Schedule 4 amends section 379G of the act to clarify that the role of an authorised recipient is to receive documents on behalf of an applicant and not to actually do things on their behalf. That is mainly technical.

Schedule 5 inserts a new section 51A of the Australian Citizenship Act 2007 that will provide administrative access to and use of material and information obtained under a search warrant issued under the Crimes Act 1914 for certain purposes of the act and the Citizenship Act.

Schedule 6: this amendment will bring all visa applications under the code of procedure, which is section 57 of the act. This only applies to visa applications made onshore, and common law procedural fairness applies to applications made offshore. It is appropriate that the definition of 'procedural fairness' is consistent across all visa applications, regardless of whether it is made onshore or offshore. It is not appropriate that offshore applications are afforded a higher standard of procedural fairness than those made onshore. The amendment will significantly reduce the risk of jurisdictional error arising from the failure to apply the common law test appropriately.

Obviously, migration debates are always seen through the prism of our borders. We know that, and we know that the signs and symbols are important. The sign and symbolism of the Liberal and National parties in renaming the department 'border protection' belies that long history going back to 1788, I guess, of people arriving here by boats in Australia, whether it was from the fear of the French, who arrived three days after the First Fleet, or the fear of the Russians, or the fear of the Japanese—they built cannons out in Brisbane harbour and they built cannons on the Sydney heads; I think they even built them down in Melbourne, but I am not as familiar with that—or the fear of the Chinese or the Indonesians. I am not sure whether they have ever had a fear of the New Zealanders apart from at Bledisloe Cup time! But for Australia, as a nation that is based on the fact that people have arrived in boats and made a claim on the land, we seem to have a greater fear of people arriving and seeking asylum. It is almost irrational.

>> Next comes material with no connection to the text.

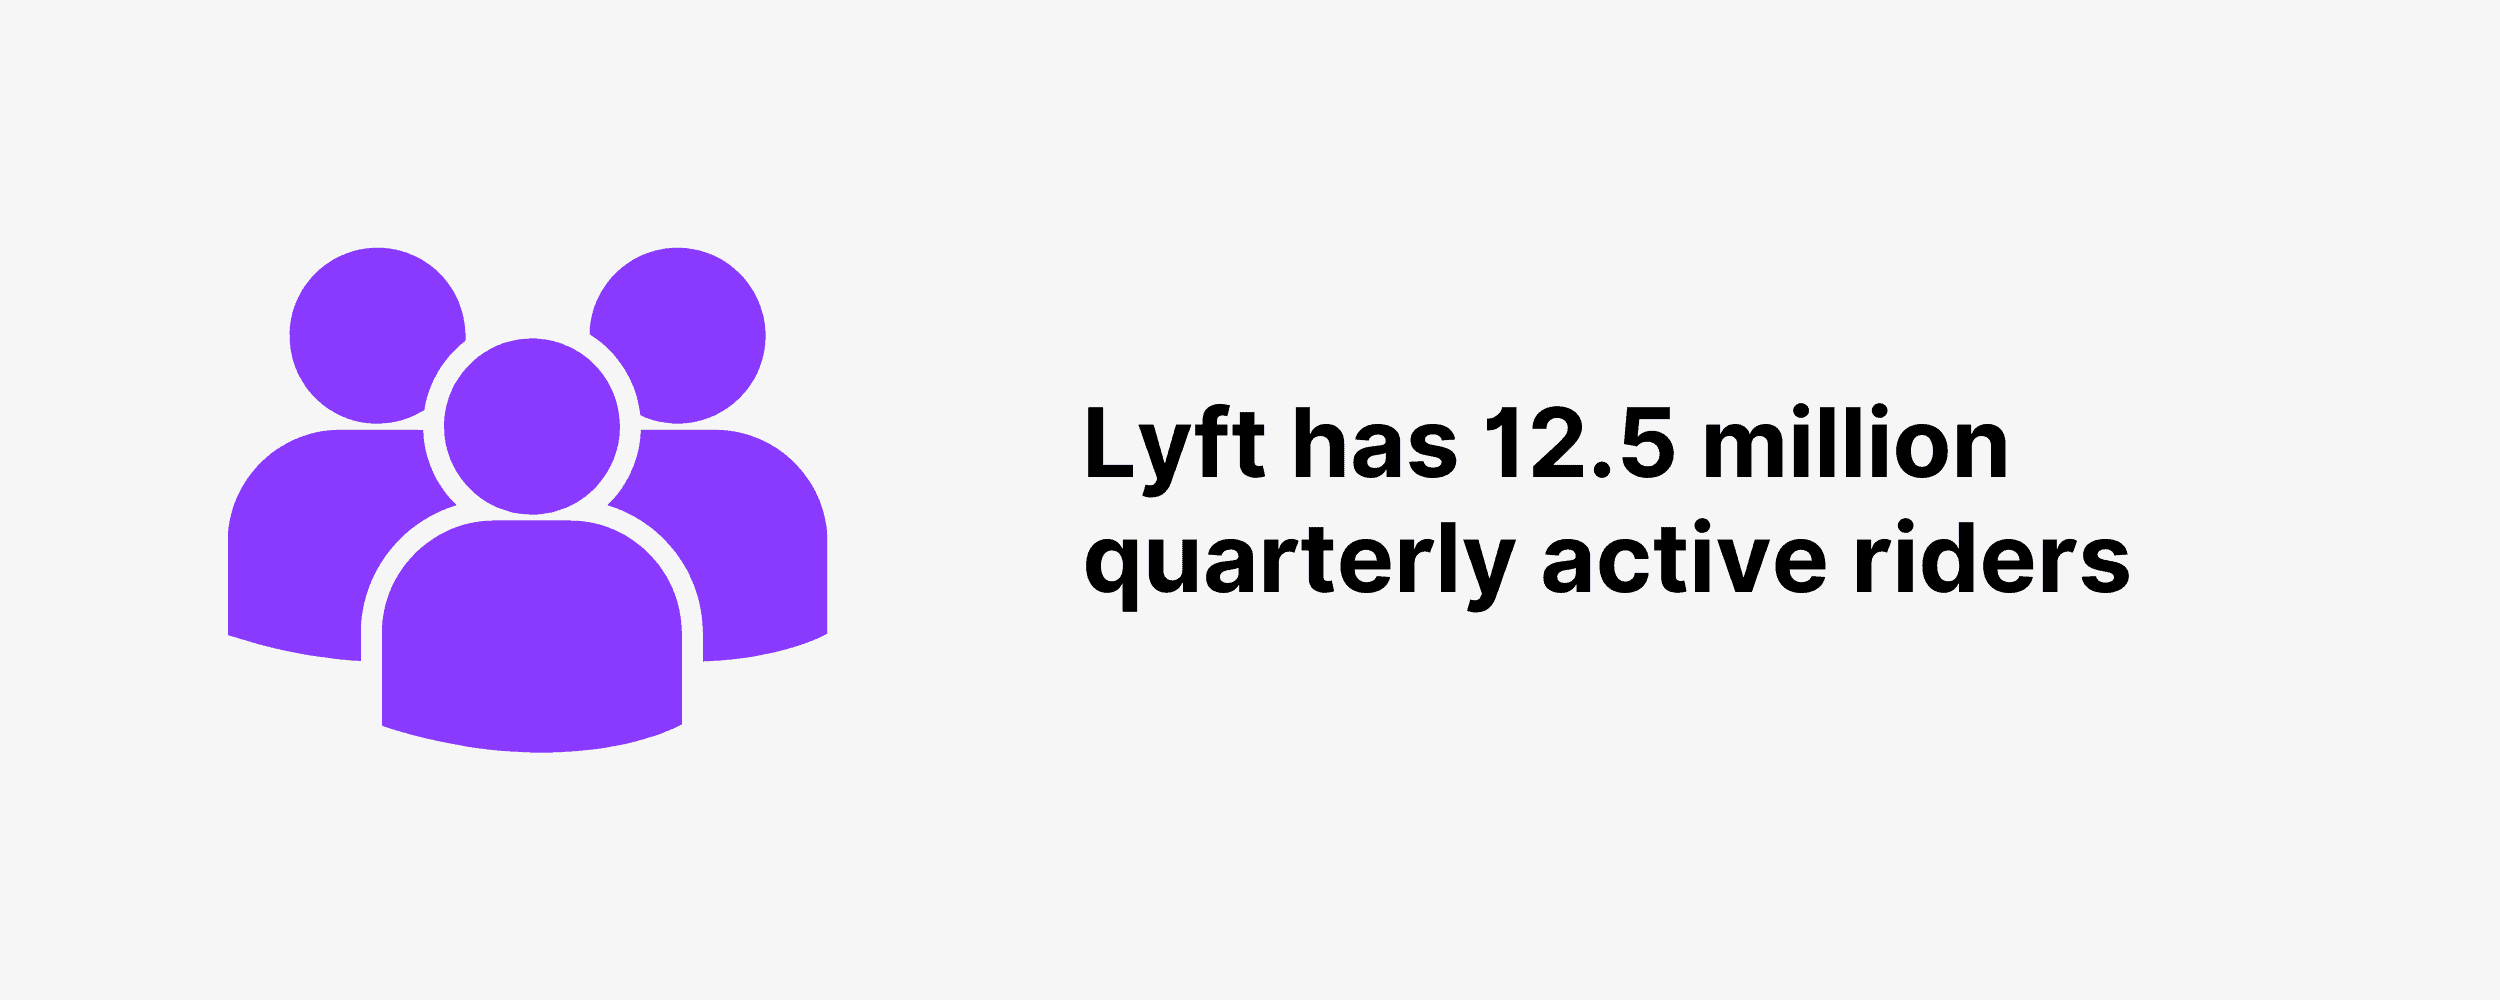 Lyft has 12.5 million quarterly active riders

I have heard other speakers in this chamber, despite having made quite incoherent statements, talk about this reality and comparing it with Europe, where there are significant arrivals of asylum seekers. As the armed conflicts in places like Syria and Iraq deteriorate, people will always seek a safe haven. People will always do what they can to give their children or their grandchildren a chance in life. That is the human brief; that is the human condition. We will always do what we can to look after our children. So that reality, and these figures are a little bit out of date, means that because of war, famine and climate change there are about 42 million displaced people in the world.

Now, we are generous nation. We have done more than our fair share of heavy lifting when it comes to settling people in Australia on permanent visas and through other visas. I think it is basically the United States first, Canada second, Australia third and pretty much daylight fourth. But the reality is that even if we doubled, tripled or quadrupled our intake we could never accommodate that 42 million people. If you then cut it down to the number of people registered with the United Nations High Commissioner for Refugees—I think, from memory, it is about 15 million people registered as refugees, having a reason to flee persecution or the like—we could never settle that number of people. We could never grant asylum and have a harmonious community.

We do multiculturalism well because we do it appropriately and in a well-resourced way. We offer support, guidance and comfort to people who arrive in Australia, however they get here—whether they come on a skills visa, a marriage visa, an asylum seeker visa or on a plane organised by the Australian government. The reality is that our harmonious community is a result of us looking after people appropriately when they arrive in Australia.

This legislation cleans up some of the problems associated with it. There is much that the Labor, Liberal and National parties agree with when it comes to dealing with migration. Obviously, there is political pointscoring that is a little bit obscene on occasions, but the reality is that much of this legislation is agreed on by both sides of the chamber. I commend it to the House.